The ColorChecker Color Rendition Chart (often referred to by its original name, the Macbeth ColorChecker or simply Macbeth chart) is a color calibration target consisting of a cardboard-framed arrangement of 24 squares of painted samples. The ColorChecker was introduced in a 1976 paper by McCamy, Marcus, and Davidson in the Journal of Applied Photographic Engineering. The chart’s color patches have spectral reflectances intended to mimic those of natural objects such as human skin, foliage, and flowers, to have consistent color appearance under a variety of lighting conditions, especially as detected by typical color photographic film, and to be stable over time.

The ColorChecker chart is a rectangular card measuring about 11 × 8.25 inches, or in its original incarnation about 13 × 9 in., an aspect ratio approximately the same as that of 35 mm film.

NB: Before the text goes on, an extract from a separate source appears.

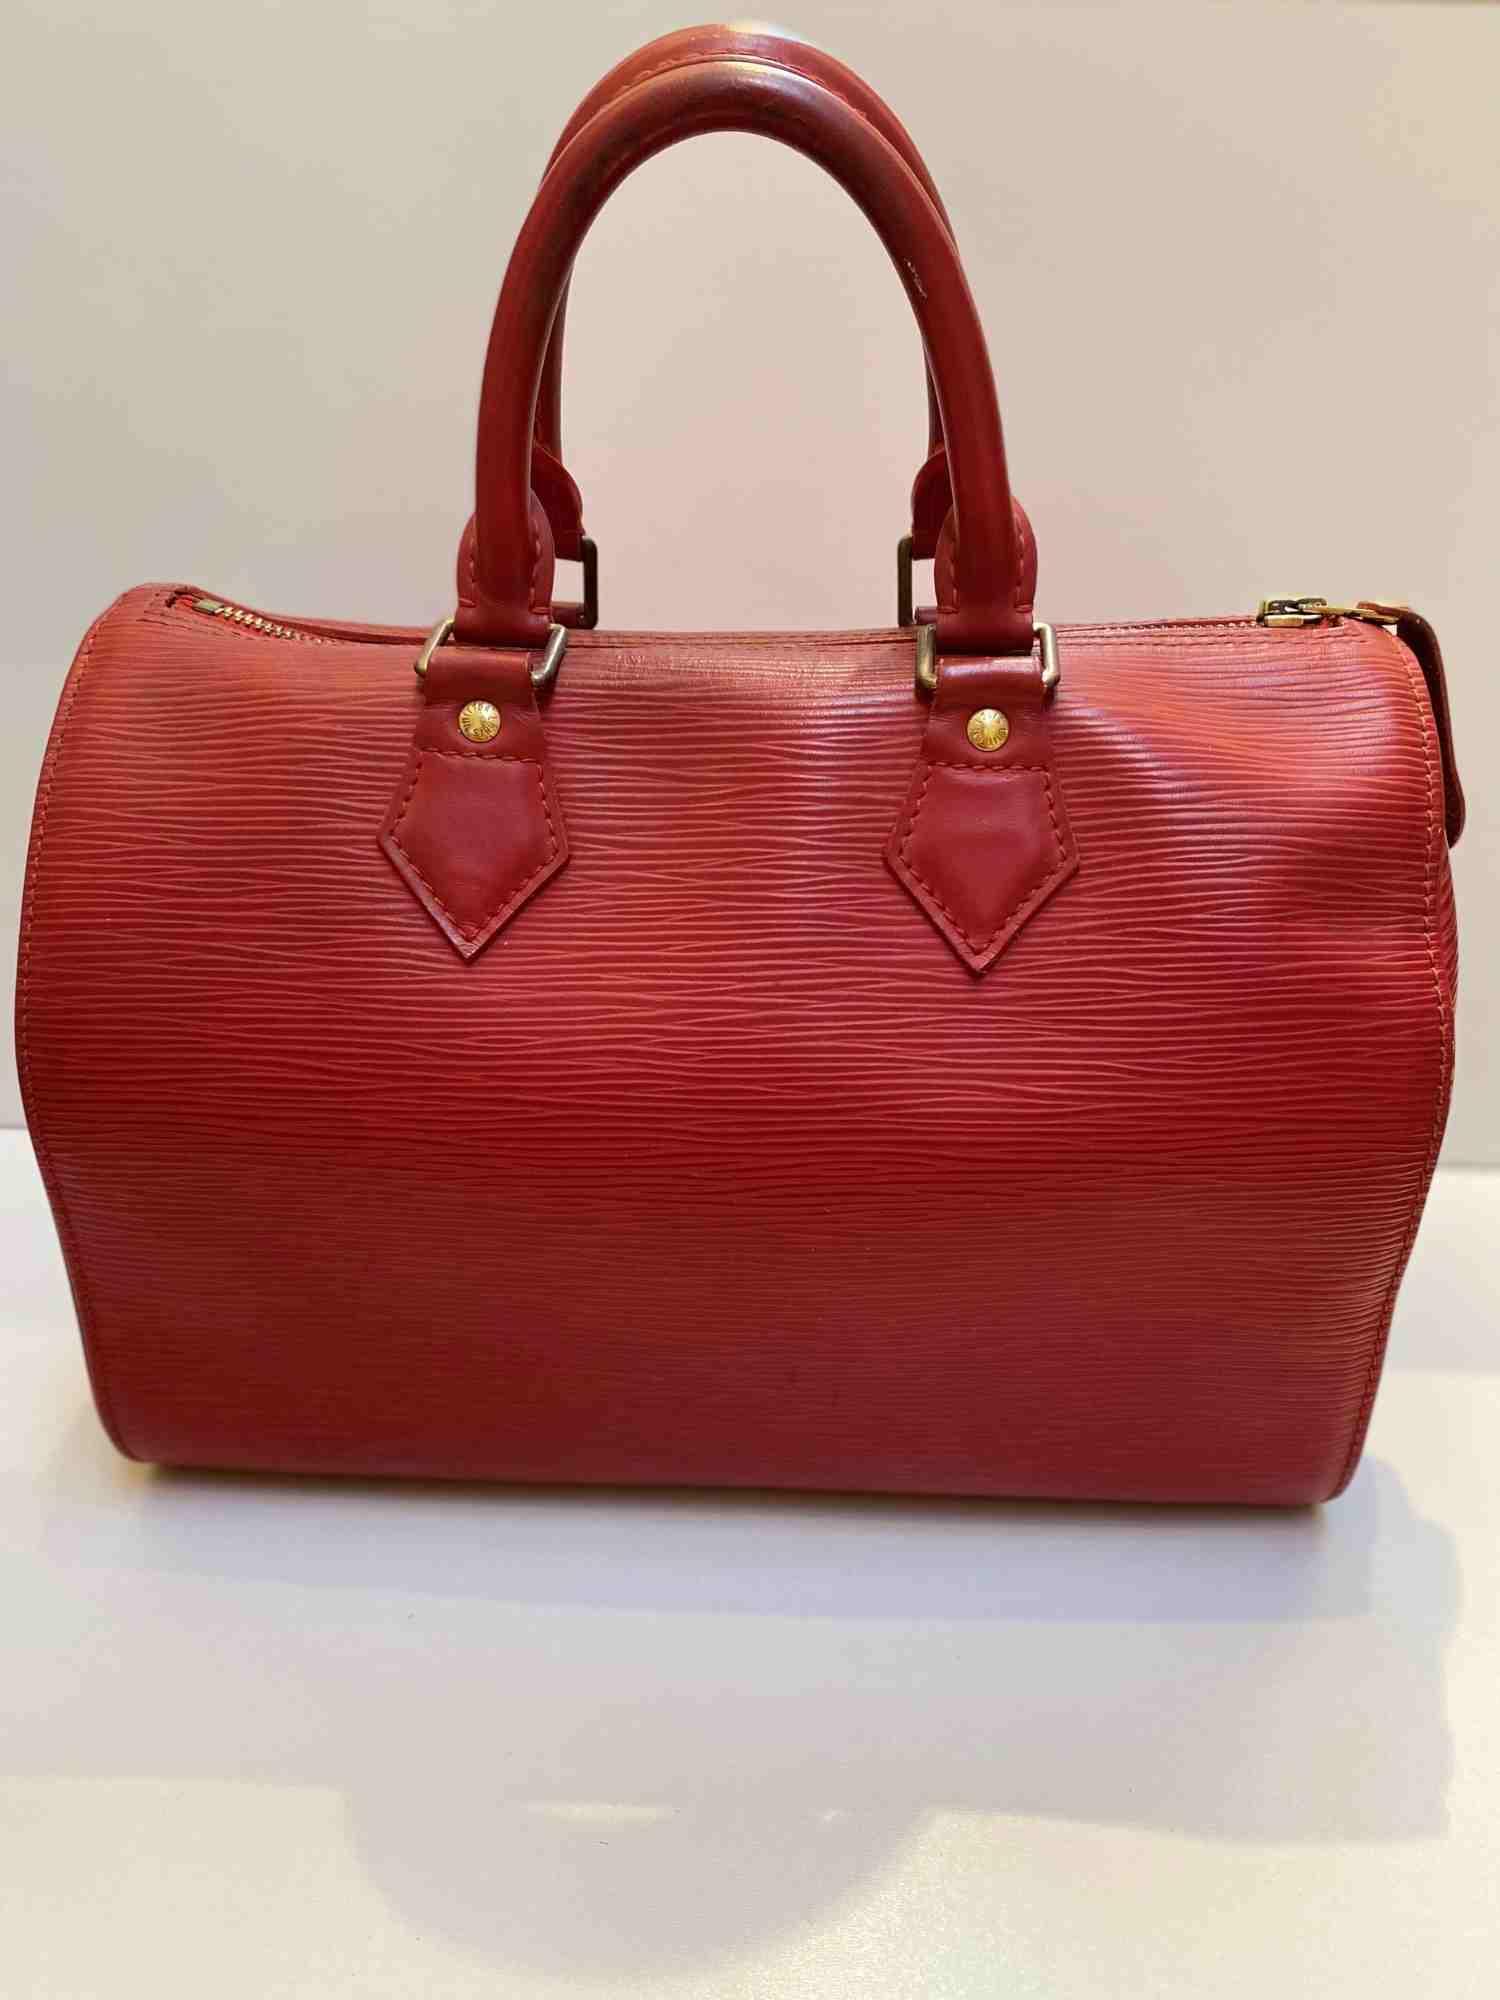 Bolsa Louis Vuitton Speedy 25 EPI Vermelha

It includes 24 patches in a 4 × 6 grid, each slightly under 2 inches square, made of matte paint applied to smooth paper, and surrounded by a black border. Six of the patches form a uniform gray lightness scale, and another six are primary colors typical of chemical photographic processes – red, green, blue, cyan, magenta, and yellow. The remaining colors include approximations of medium light and medium dark human skin, blue sky, the front of a typical leaf, and a blue chicory flower. The rest were chosen arbitrarily to represent a gamut "of general interest and utility for test purposes", though the orange and yellow patches are similarly colored to typical oranges and lemons.